Minority Rules: Scientists Discover Tipping Point for the Spread of Ideas

Scientists at Rensselaer Polytechnic Institute have found that when just 10 percent of the population holds an unshakable belief, their belief will always be adopted by the majority of the society. The scientists, who are members of the Social Cognitive Networks Academic Research Center (SCNARC) at Rensselaer, used computational and analytical methods to discover the tipping point where a minority belief becomes the majority opinion. The finding has implications for the study and influence of societal interactions ranging from the spread of innovations to the movement of political ideals.

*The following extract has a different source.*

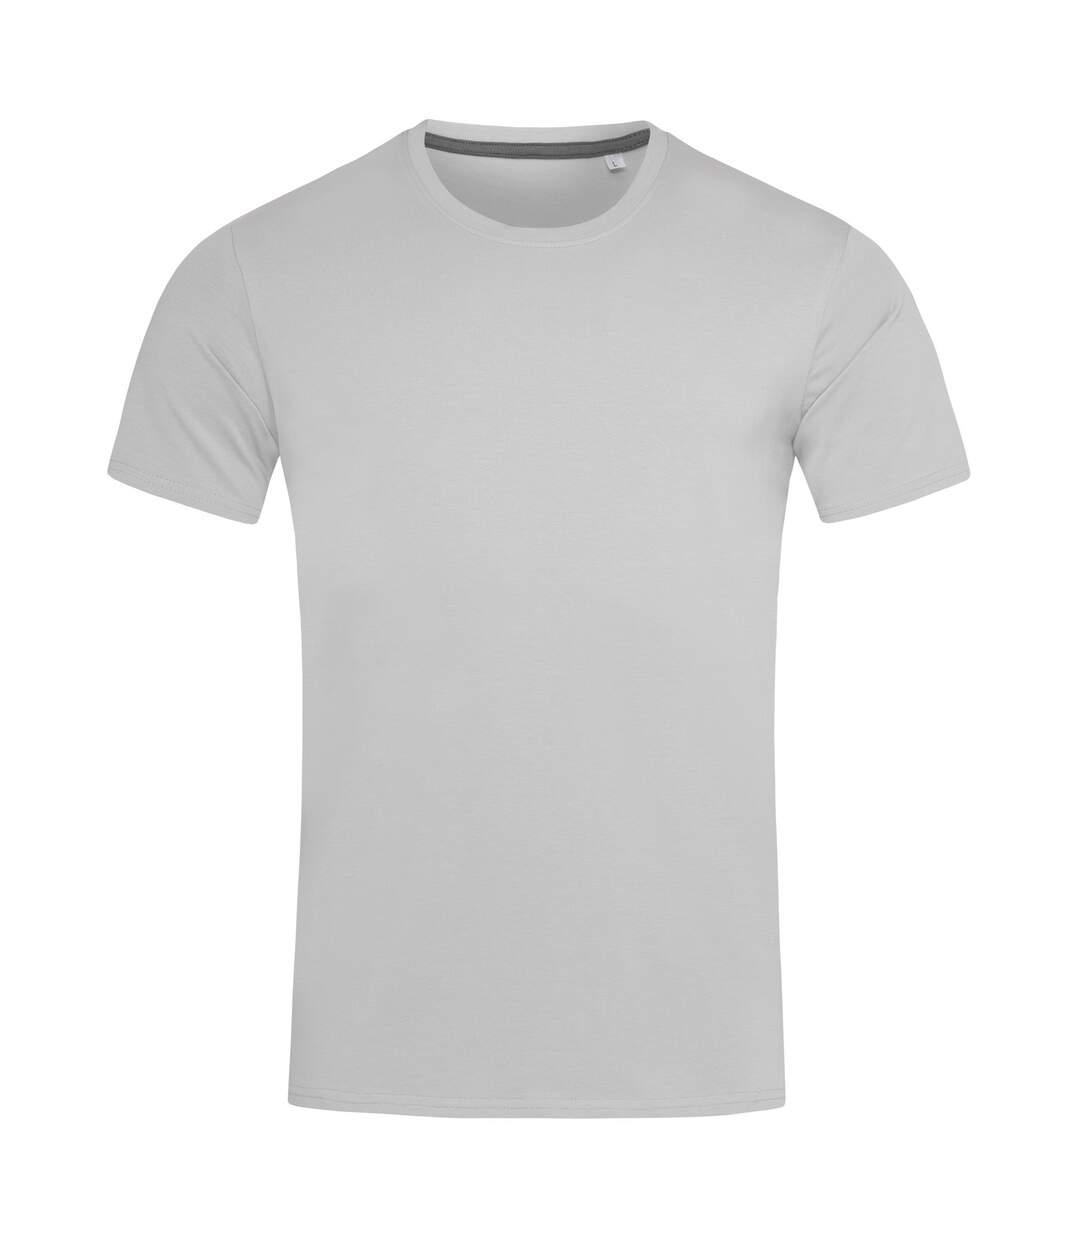 Stedman Stars Mens Clive Crew Neck Tee (Soft Grey) - UTAB384

“When the number of committed opinion holders is below 10 percent, there is no visible progress in the spread of ideas. It would literally take the amount of time comparable to the age of the universe for this size group to reach the majority,” said SCNARC Director Boleslaw Szymanski, the Claire and Roland Schmitt Distinguished Professor at Rensselaer. “Once that number grows above 10 percent, the idea spreads like flame.”

As an example, the ongoing events in Tunisia and Egypt appear to exhibit a similar process, according to Szymanski. “In those countries, dictators who were in power for decades were suddenly overthrown in just a few weeks.”

The findings were published in the July 22, 2011, early online edition of the journal Physical Review E in an article titled “Social consensus through the influence of committed minorities.”

An important aspect of the finding is that the percent of committed opinion holders required to shift majority opinion does not change significantly regardless of the type of network in which the opinion holders are working. In other words, the percentage of committed opinion holders required to influence a society remains at approximately 10 percent, regardless of how or where that opinion starts and spreads in the society.

To reach their conclusion, the scientists developed computer models of various types of social networks. One of the networks had each person connect to every other person in the network. The second model included certain individuals who were connected to a large number of people, making them opinion hubs or leaders. The final model gave every person in the model roughly the same number of connections. The initial state of each of the models was a sea of traditional-view holders. Each of these individuals held a view, but were also, importantly, open minded to other views.

Once the networks were built, the scientists then “sprinkled” in some true believers throughout each of the networks. These people were completely set in their views and unflappable in modifying those beliefs. As those true believers began to converse with those who held the traditional belief system, the tides gradually and then very abruptly began to shift.

“In general, people do not like to have an unpopular opinion and are always seeking to try locally to come to consensus. We set up this dynamic in each of our models,” said SCNARC Research Associate and corresponding paper author Sameet Sreenivasan. To accomplish this, each of the individuals in the models “talked” to each other about their opinion. If the listener held the same opinions as the speaker, it reinforced the listener’s belief. If the opinion was different, the listener considered it and moved on to talk to another person. If that person also held this new belief, the listener then adopted that belief.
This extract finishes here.